Sat 22 Mar, 2003 10:05 am
Does a Status Quo order regarding child custody have to be filed by a parent or can it be filed by any person who has had physical custody of a child for the last three months?
I realize that laws vary from state to state and I promise not to confuse your advice with information given by an attorney that I hire.
I have, in fact, spoken to two attorneys and various social service agencies regarding this matter but no one seems to be able to do anything about it. I stumbled across this Status Quo thing while doing some research last night and would just like a little more information before I pursue it some more.
In my ignorance of the law, I suggest you invite fishin' to the discussion by PM.
We don't see you often enough, Boomerang. This is your first warning.
My life is in such turmoil that I don't see much of anyone or anything lately. I'm trying to get it calmed down but nothing seems to be working.
I'm not sure how the private message thing works yet, and I have to leave for work in just a few minutes so I will check it out when I get home this afternoon. Thanks for the tip!
Boomer what state do you live in individual state laws can differ?
Hi Boomerang. Long time no see.
If we knew what state you lived it, at least we could look up some of the laws of that state. There are a lot of great legal sites on the net!
Boomer lives in Oregon, Phoenix. I'll get a pm off to fishin'.
Oy, family law. Not my area.
What is the status quo order supposed to do? Keep the child wherever s/he's been living? If that's the case, it seems that parenthood wouldn't be a necessary criterion, but again I caution that I'm not familiar with such things.
I'm kinda surprised that 2 lawyers (I'm assuming they have expertise in this area) didn't know shinola about it. You'd think they'd want your business, or at least be able to farm it out to someone else and take 1/4 in referral fees.
You might want to contact your local Law School and ask to speak with the Family Law professor. Assure this person that it's not meant to be a professional consultation (though you'll pay for their time) and you aren't necessarily looking to hire them; you're just trying to see if this course of action is feasible.
About now, Boomerang, you should have received a PM full of PM instructions. If there is a pop up box, close x it and look just above the banner ad. You should see the note "You have one new message". Click on that message.
oh boy, boomer.
never the easy road, but the right one? i thought so.
to add to the mix Be It Enacted by the People of the State of Oregon
>>> Sections 1 to 41 of this 1999 Act may be cited as the Uniform Child Custody Jurisdiction and Enforcement Act. <<< click
This is a link to the Oregon State Bar Webpage which provides links to many legal services in that state.
Links to the Oregon legal services family help topics
Hi all and thanks for your replies!
Roger is right, I do live in Oregon.
Thank you, Roger, on the info about how to send a PM. I'll give it a try.
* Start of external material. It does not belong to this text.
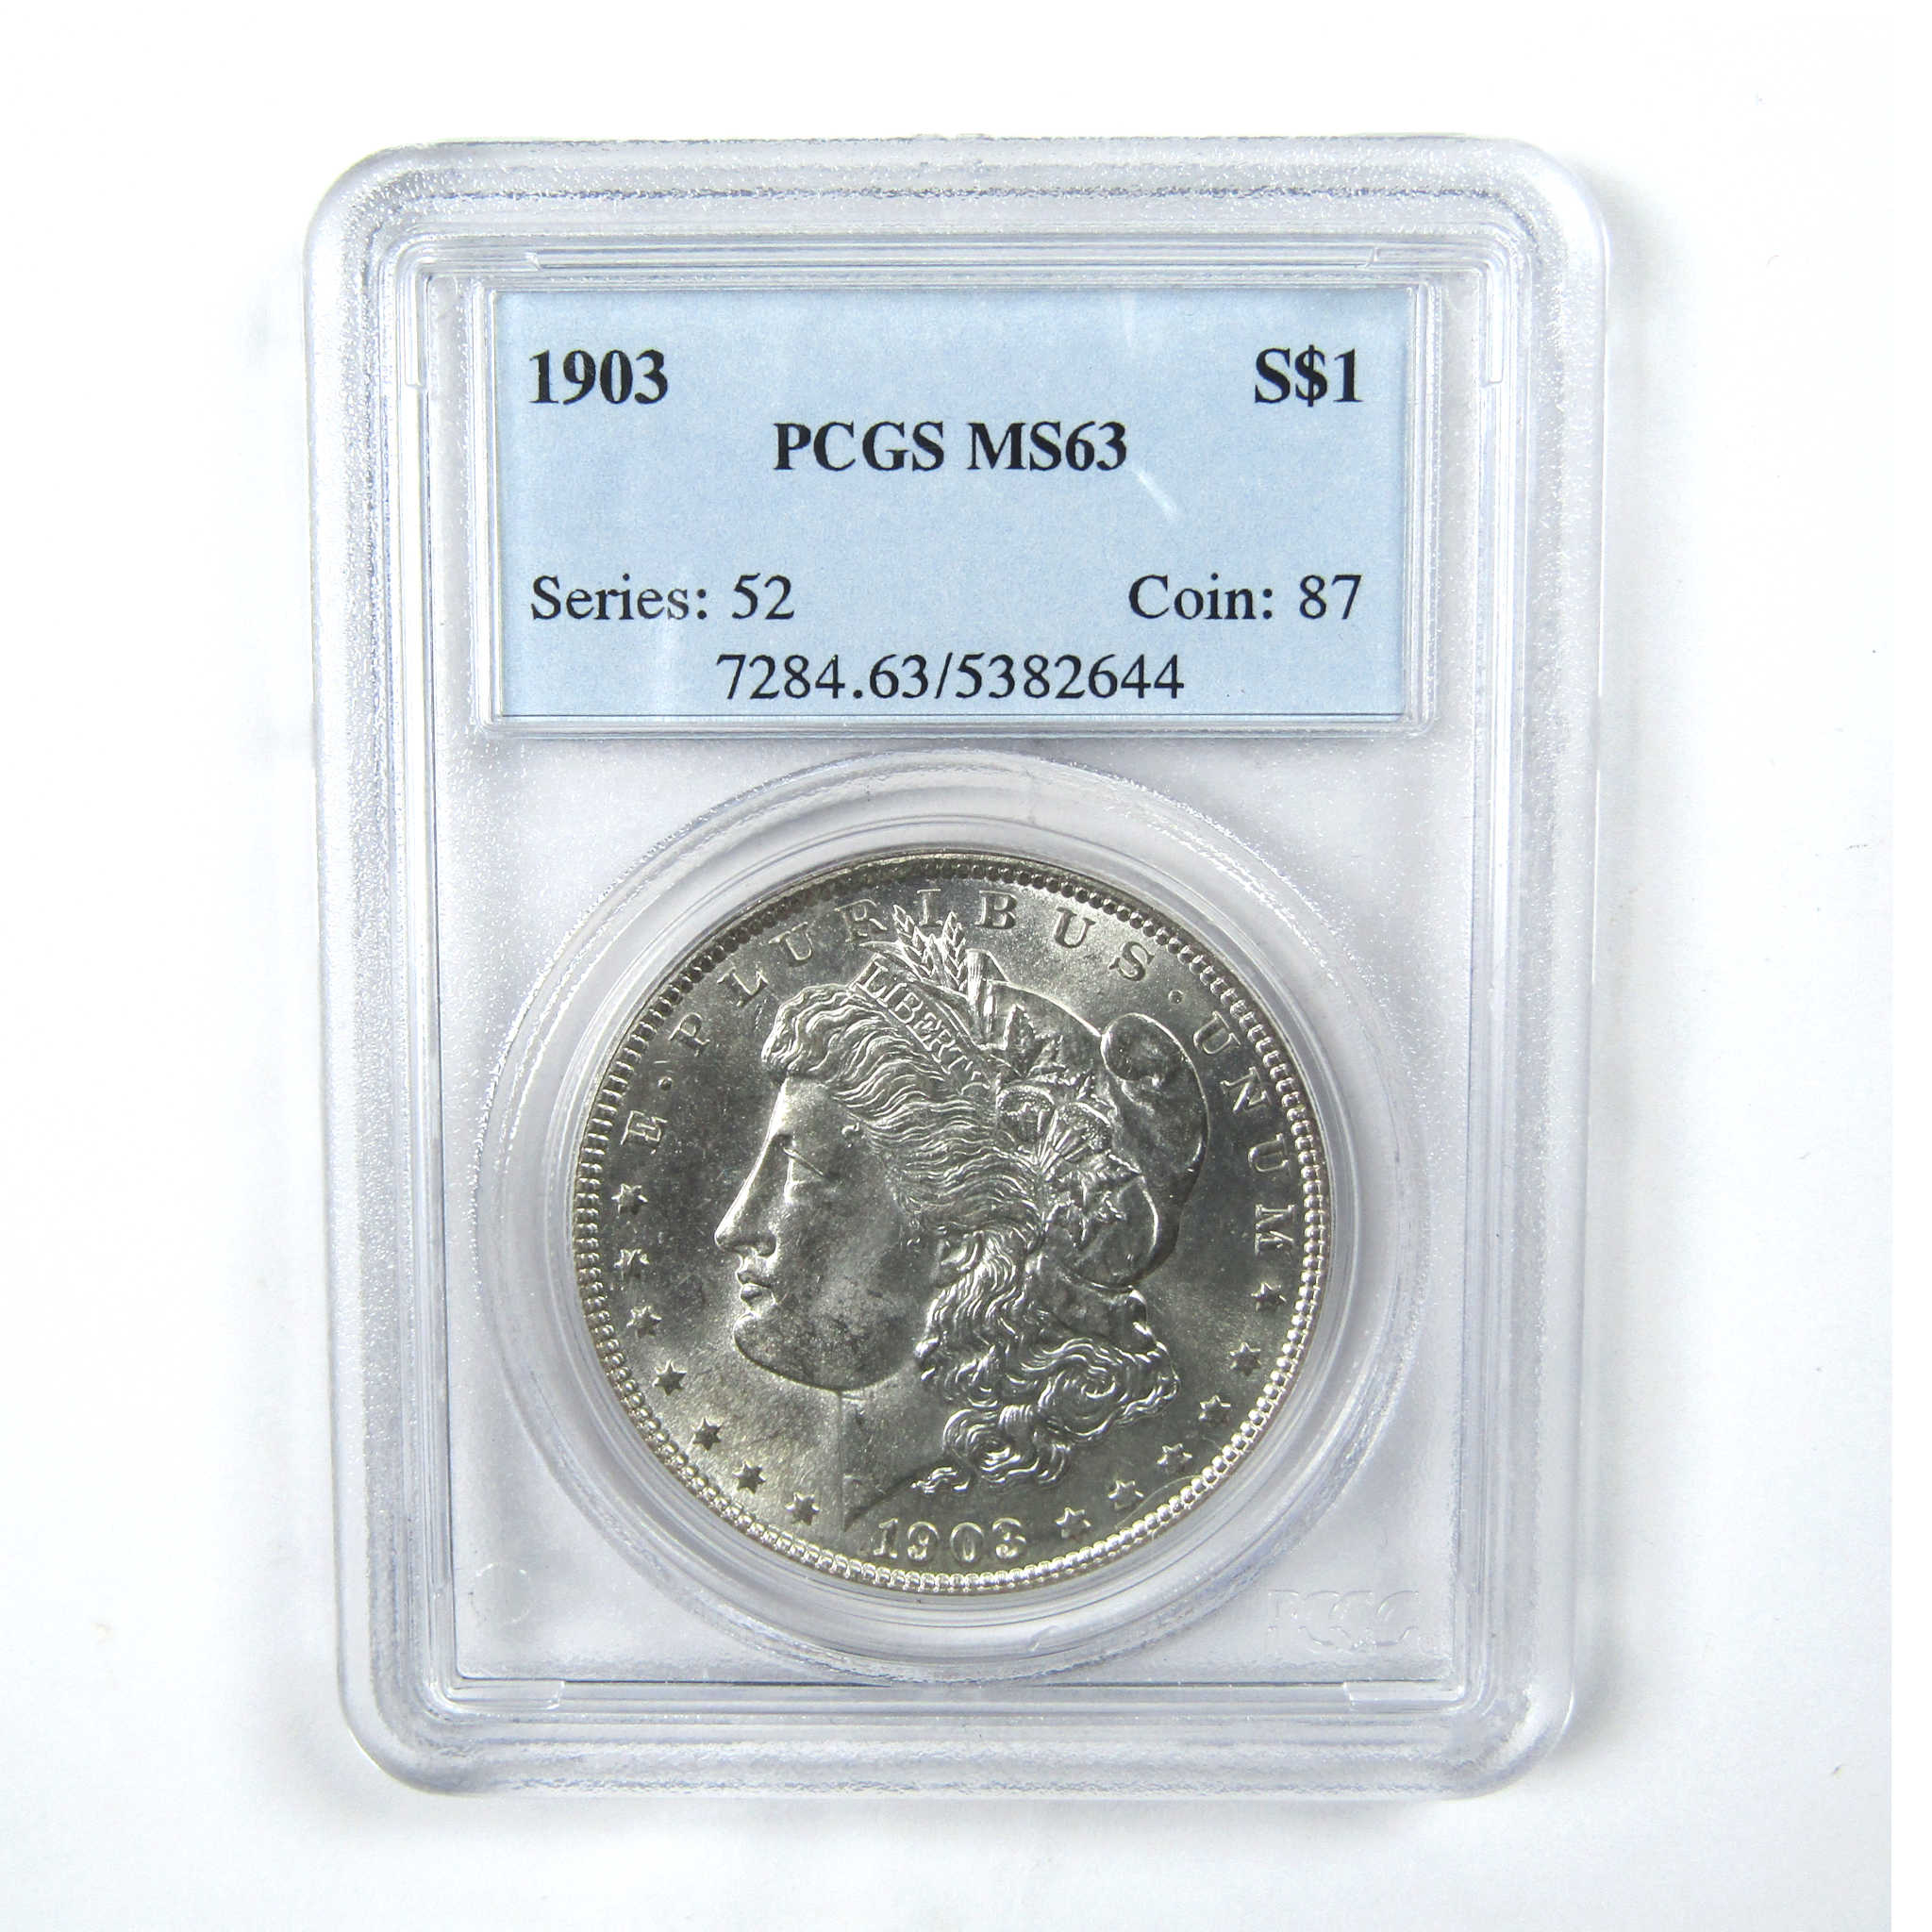 1903 Morgan Dollar MS 63 PCGS Silver $1 Uncirculated Coin SKU:CPC7162 - Morgan coin - Morgan silver dollar - Morgan silver dollar for sale - Profile Coins &amp; Collectibles

And yes, this has truly been an ordeal.
I don't really know what to say about the attorneys and their response to us other than that no body seems to want to get involved with a third party custody battle - we are not related to this child by birth or law and that is making things very, very complicated.
Social services says that the parents have put the baby in a safe place and they are unwilling to step in unless someone takes the baby to a place that is dangerous. Then they will put the baby in foster care until they determine where he should live.
We are not trying to take the baby away from the parents - they left him here. We really just want to be able to put him on our insurance and enroll him in Montessori school so that I can go back to work.
Every time that the parents start fighting again they start threatening to "snatch" him away which puts my husband and I in a difficult position. They are both unemployed and both living in houses where I am certain drugs are being used. I have told them that if they take the baby to one of these places that I will call the police and social services to be sure that he is protected but that they can take the baby and move in with any member of their family or on their own.
Neither has applied for custody or is making any attempt to get their life in order to claim the baby. He's been here for 10 weeks now. He's happy and doing great. We're happy he's here but we are at our wits end about having no legal protection and lots and lots of legal liability.
When I came across this Status Quo info it sounded like maybe that would be a way to work around the system since he's been here almost three months.
Now, I'll go check eBeth's link!
Thanks again to one and all.
Thanks for the link, JoanneDorel - I've spent a lot of time at that page already! It was through a link I found there that led me to the Status Quo thing.
In fact, as that site advised, we were working on getting a Power of Attorney form signed and everything was agreed to when the parents started fighting again and the world went to hell this week.
That's an excellent site. Thanks again.
Hi Phoenix - I know what a great researcher you are and I'll happily take any links you can give.
Gezzy - did you call the lovely Jespah to this thread? Thank you.
Jespah - From what I understand a Status Quo order is a court order that prevents a parent from interfering with the child's routine. It is almost like a restraining order. However, the forms I have seen say "regarding the marriage of ...." Here is a link (I hope) to the document I saw: http://www.ojd.state.or.us/osca/cpsd/courtimprovement/familylaw/assets/Order-6B.Ver02.pdf
The easy road, eBeth? What is that, pray tell?
You guys are the best!
No advice that hasn't been given, but just wanted to send my sympathy and my admiration for what you're doing.
Hi and thanks sozobe.
I really thought I was doing the right thing but I'm quickly learning about those good intention paver stones that line the path to hell. Still, it's nice to have a voice in support - especially when so much negative verbage has passed our way.
(And hey - are you watching Survivor? Christy rocks!)
I don't have any information on Status Quo but are you familiar with CASA
? I'm not sure, but they may be able to give you some guidance. Have the parents abandoned the little guy? Is there a way to have the court appoint you and Mr. boomerang as foster parents?
I'm not familiar with CASA but I will check them out for sure.
According to the social services agencies I've spoken with it is not considered abandonment because both parents are still in contact with him and with me. It seems very strange to me how someone can spend 40 or so hours with their kid over 10 weeks and not be considered to have abandonded him but.......?
By the way, I adore your signature quote!
I'm going to try to get hold of someone with CASA first thing Monday morning - what a cool looking group.
Thanks again, Swimpy.
boomer, good luck! Wish I had some knowledge on the subject.